3.3. The respective Contract is deemed to be fulfilled on the day the Post is published. The Brand will receive a URL/Link to the Post. The non-receipt of the URL/Link does not affect the fulfillment of the Contract.

3.4. For purpose of clarification, the Content Creator will not be part of the Contract concluded between Collabary and Brand. The obligations according to the Contract only apply between Collabary and the Brand.

 

4. ADDITIONAL SERVICES PROVIDED BY COLLABARY

Following separate agreement or at Collabary´s sole discretion without establishing a legal claim of any kind, Collabary also provides reports about the performance of a Content Creator and the Services in the format and frequency as agreed or as Collabary deems fit.

 

5 POST CONTENT

5.1. Brand will be fully liable for Brand Material. The Brand Material shall be provided in a common format and be in line with current market standards. Brand Material will not be returned to Brand (independent of the format of the Brand Material). The Brand grants to Collabary a non-exclusive, transferable, fully paid-up, worldwide and unlimited right and license to use (including to copy, modify, translate, make available, assign and sublicense to its affiliates, Content Creators or subcontractors) Brand Material, solely as is reasonably necessary for Collabary to perform its obligations and exercise its rights relating to the performance of the relevant Services and/or Contract.

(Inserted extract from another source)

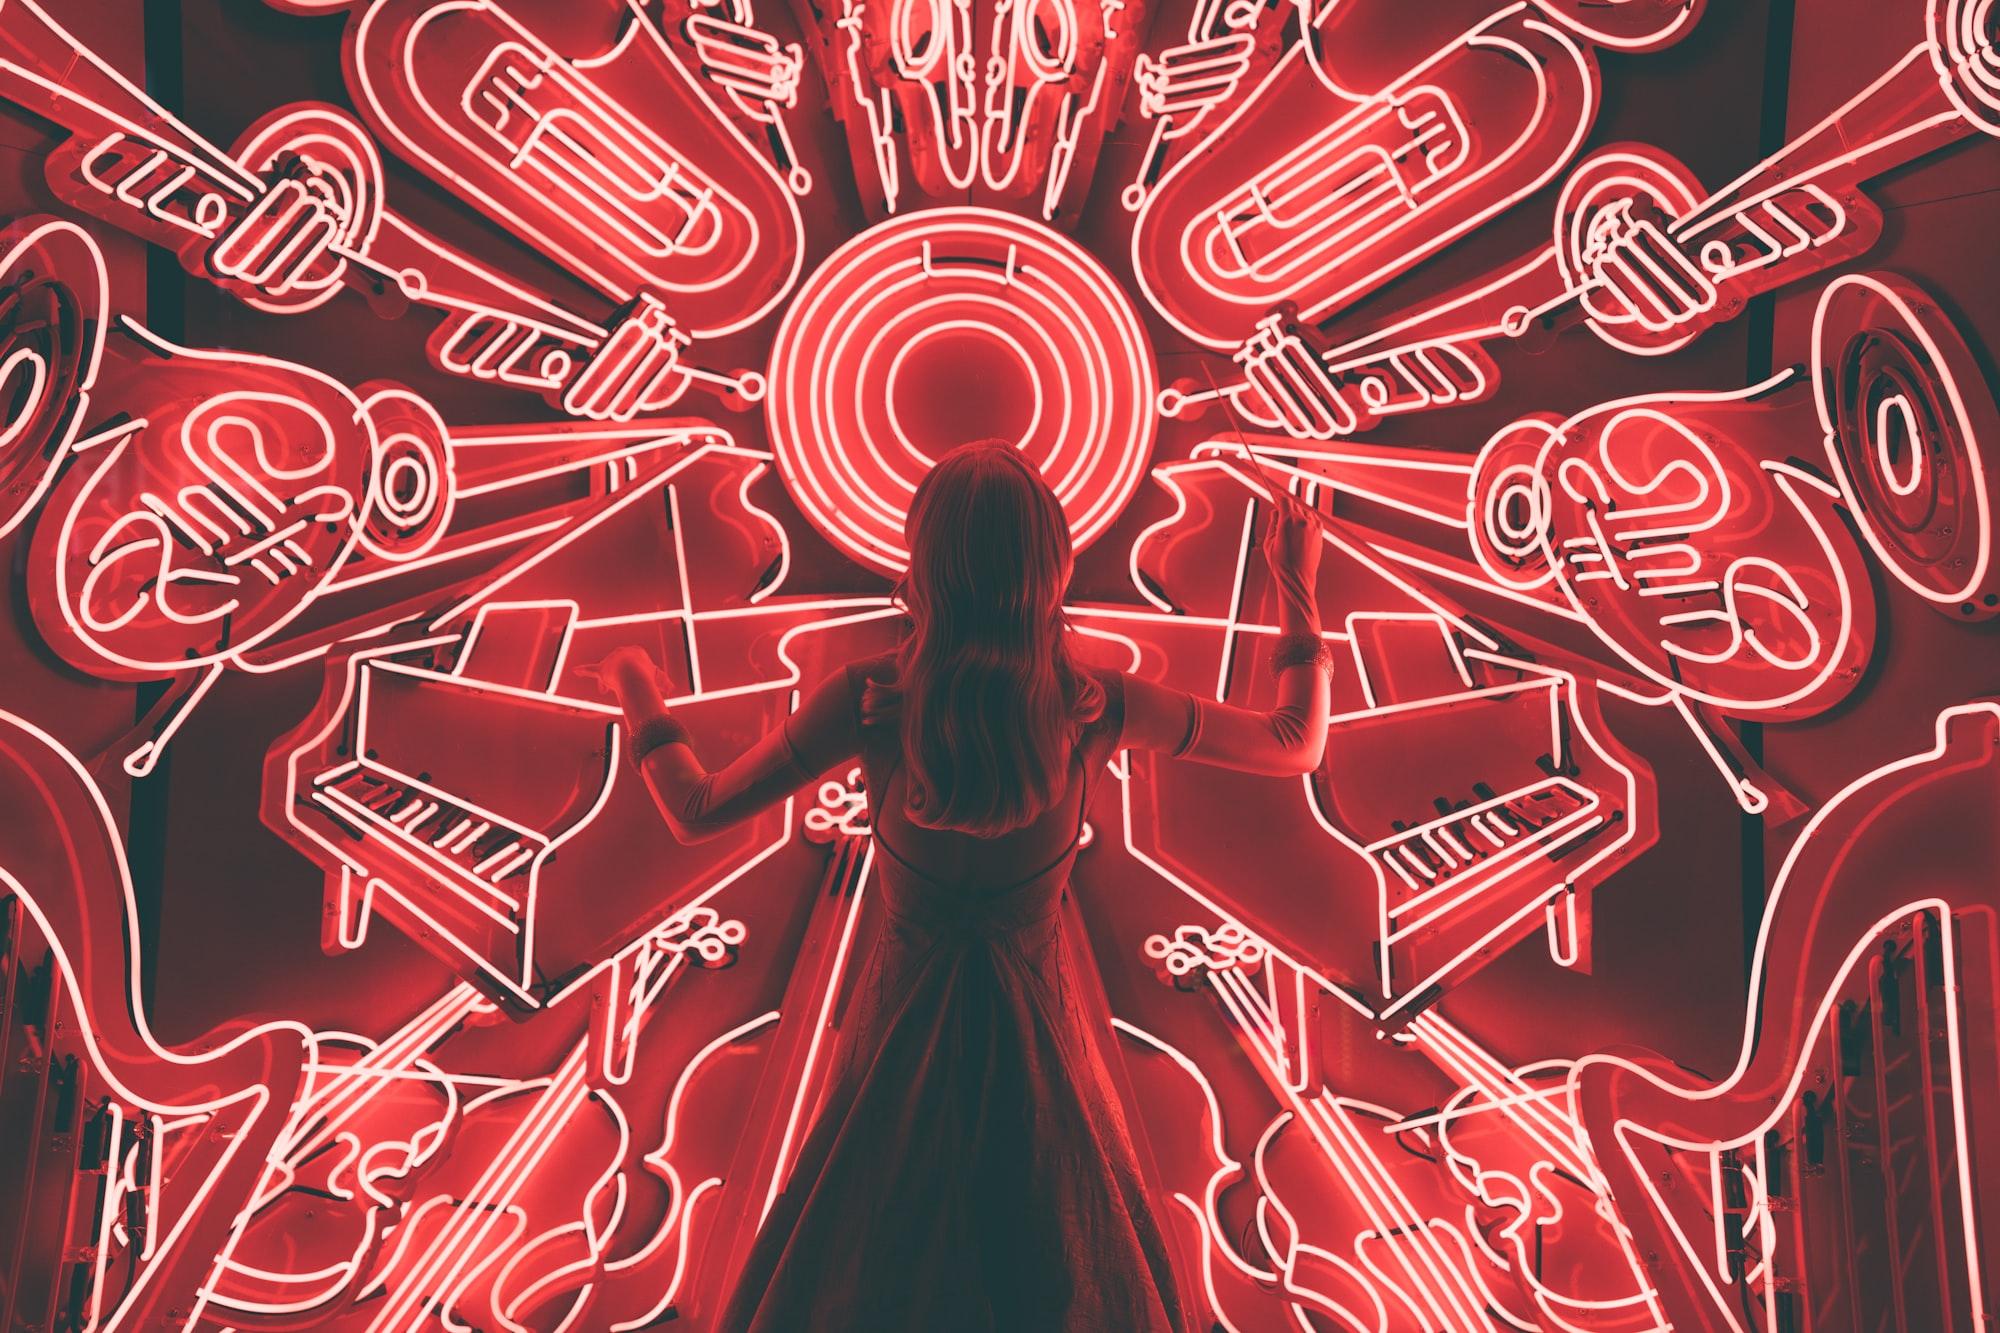 Should musicians fear technological innovation?
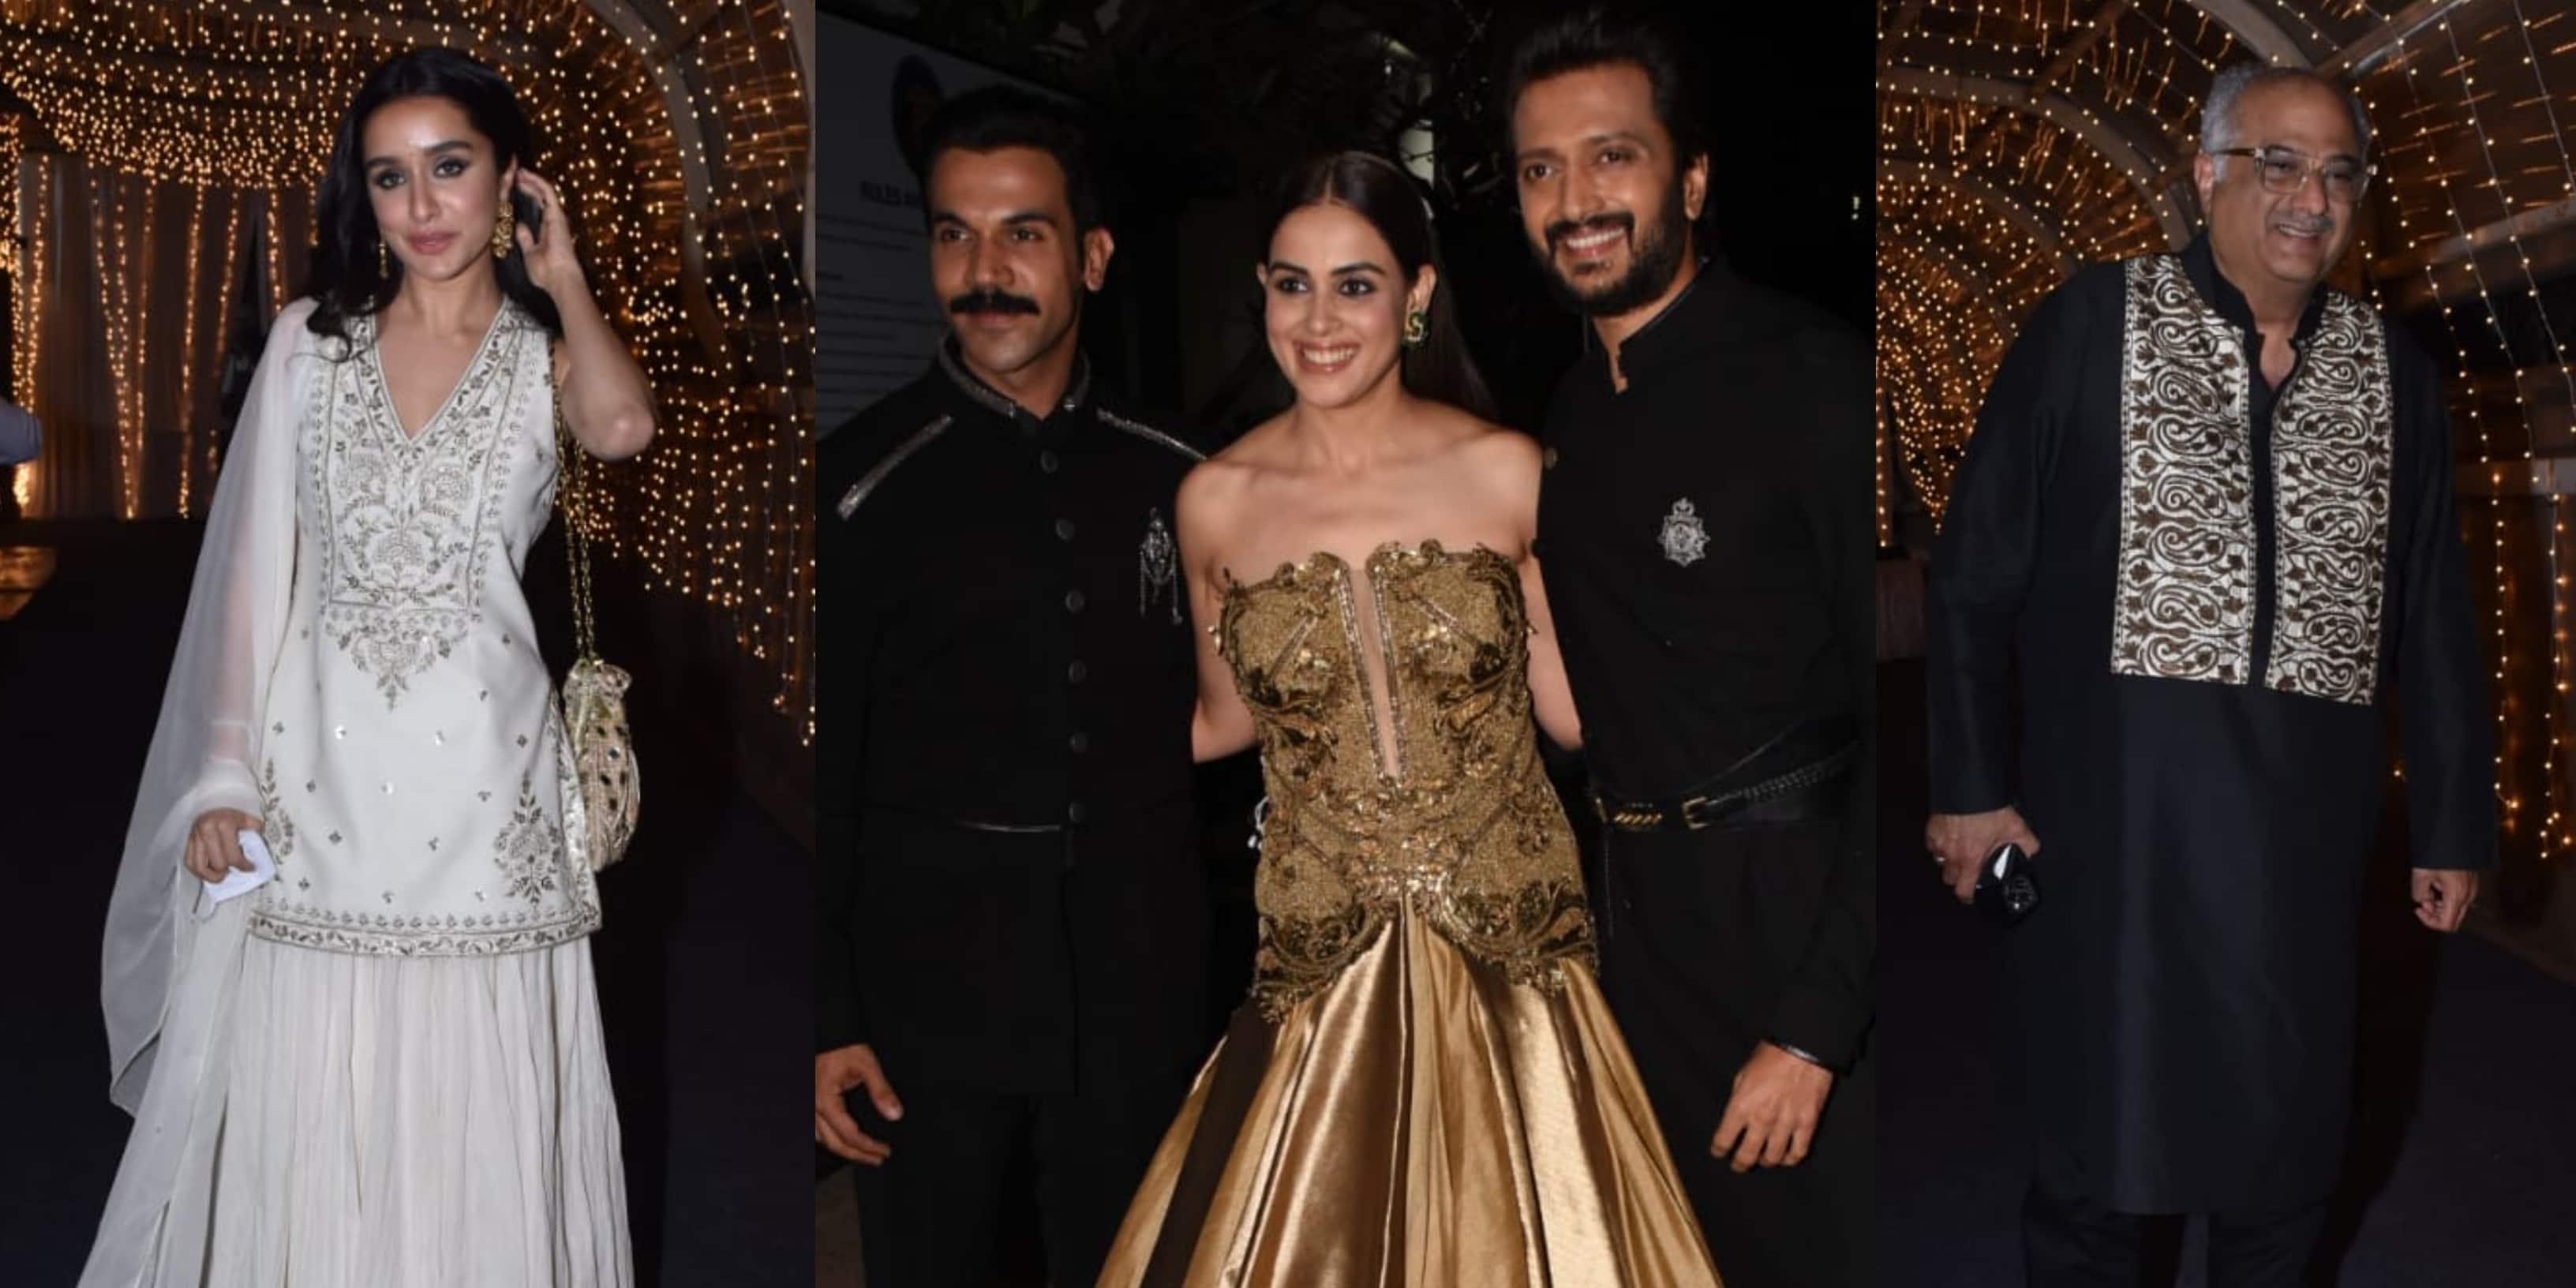 Priyaank Sharma-Shaza Morani Wedding Bash: Shraddha-Rohan Make Heads Turn; Rajkummar Rao, Sunny Deol And Other Celebs In Attendance

5.2. Brand shall not include or use any mechanism or functionality in connection with the Brand Material that tracks or collects information regarding users to whom the Post is displayed without Collabary’s prior written consent.

5.3. Brand ensures that (i) Brand Material will not violate the trademark, trade names, copyright or other intellectual property or proprietary rights (including domain names) or any other rights (including the rights to privacy, confidentiality and publicity) of any third party ; (ii) the materials and the display of Brand Material as contemplated in the Contract will not be false or misleading and will not constitute an unfair competition practice or unfair commercial practice; (iii) Brand Material will comply with all applicable laws; (iv) Brand Material does not contain any material which is libelous, slanderous, fraudulent or defamatory; (v) Brand Material will not contain nor transmit any malware, viruses, worms, Trojan horses, adware, spyware, or other harmful code or programs; (vi) Brand Material will contain all legally required information, and (vii) Brand Material will contain all other necessary information which has to be given according to platform guidelines and/or regulations on which Brand elected to advertise (e.g. Facebook, Pinterest, etc.).

5.4. Collabary is not obliged to and will not review the Post Content (including compliance with applicable law and platform guidelines and regulations). Without limitation to the foregoing, Collabary may, however, reject or at any time remove Post or any portion thereof if: (i) it is directed to do so by any law enforcement authority, court, government authority or industry organization; or (ii) such Post, or any portion thereof (including the advertised product/service) violates any applicable law and/or platform guidelines and/or regulations.

5.5. Collabary will not verify whether a Post Content is in line with the respective Contract and whether the Post Content is in accordance with Brand’s internal rules, such as rules on advertising. Collabary shall not be obliged to serve any Post to the extent this would lead to Collabary or a Content Creator being in breach of applicable law.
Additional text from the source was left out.